Loża im. Marka Koniarka otwarta!
13 sierpnia 2023, 19:58 | Autor: BercikSobotnie 69. Derby Łodzi zakończyły się zwycięstwem piłkarzy czerwono-biało-czerwonych. Przed meczem miała miejsce ciekawa uroczystość, związana z jednym z widzewskich partnerów.
Drukarnia Erbi jest jednym z partnerów klubu i członkiem Widzewskiego Klubu Biznesu. Od lat wspiera łódzki klub i i zasiada w jednej z lóż na stadionie „Serca Łodzi”. Przed wczorajszym meczem loża została nazwana imieniem Marka Koniarka.
Były napastnik RTS gościł na wczorajszych derbach w loży Erbi, która od wczoraj nosi jego imię. Co ciekawe, inne loże również są nazwane nazwiskami byłych widzewiaków: ŚP. Krzyszfofa Surlita, ŚP. Marka Pięty, Mirosława Tłokińskiego, Marka Citki, ŚP. Włodzimierza Smolarka, Radosława Michalskiego, Józefa Młynarczyka, Zbigniewa Bońka czy Wiesława Wragi.
Bravo!
Przydałby się Marek w ataku, oj przydał…
Bravo. Linkujcie od razu sponsora w artykule
Wolę upamiętniać w ten sposób zmarłych, ale dobrze że Marek Koniarek żyje i niech żyje 100 lat.
Właśnie, lożą, sektorem, warto upamiętniać zasłużonych. Mam nadzieję że więcej numerów nie będziemy zastrzegać a 11 kiedyś wróci do obiegu.

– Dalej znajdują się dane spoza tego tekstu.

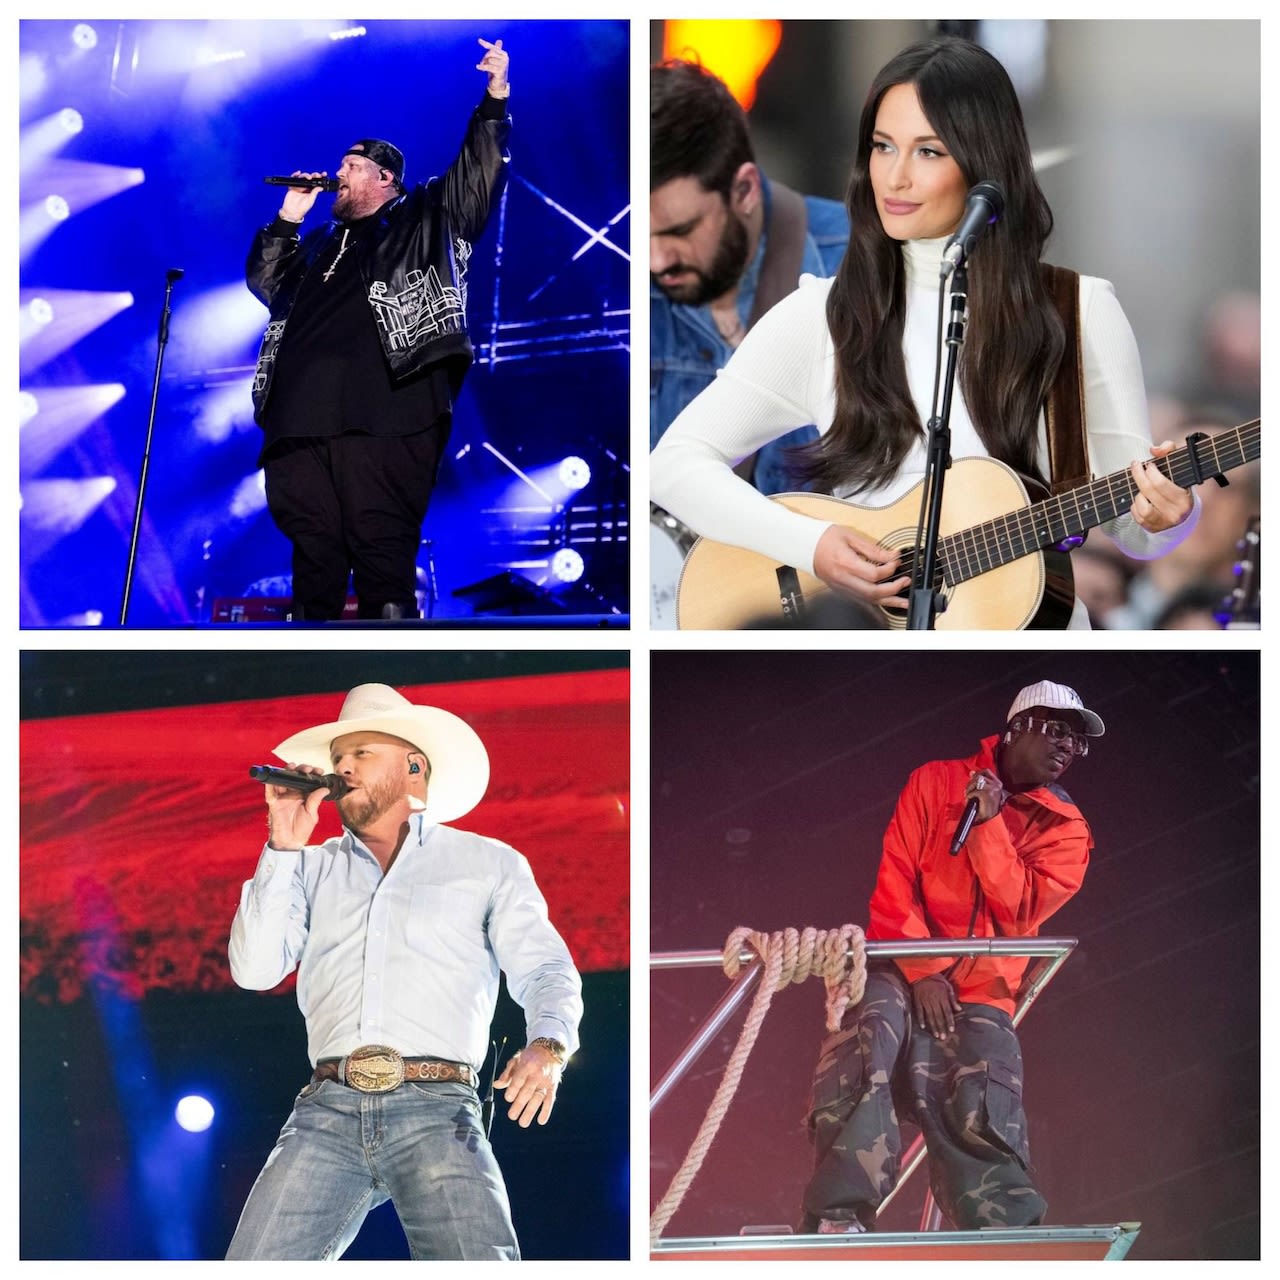 Concerts at BJC at Penn State: Where to buy tickets for Jelly Roll, Kacey Musgraves, Cody Johnson

Jestem za powrotem 11. Nic w tym kierunku nie jest robione. Żeby chciaz były koszulki Smolarka w sklepie. A tak to mamy numer zastrzeżony i tyle… Słabe to.
Ja również. Bo Młynarczyk i Boniek nie będą przecież żyć wiecznie, a zastrzeganie kolejnych numerów (1 i 9) nie ma chyba sensu
Coś czego nie ma, nie jest upamiętnieniem,co najwyżej na chwilę gdy zastrzegano pożywką dla gawiedzi, dobrą bo tanią.
Zamiast cieszyć się że następcy WS, biegają z 11 chowamy ją do szafy.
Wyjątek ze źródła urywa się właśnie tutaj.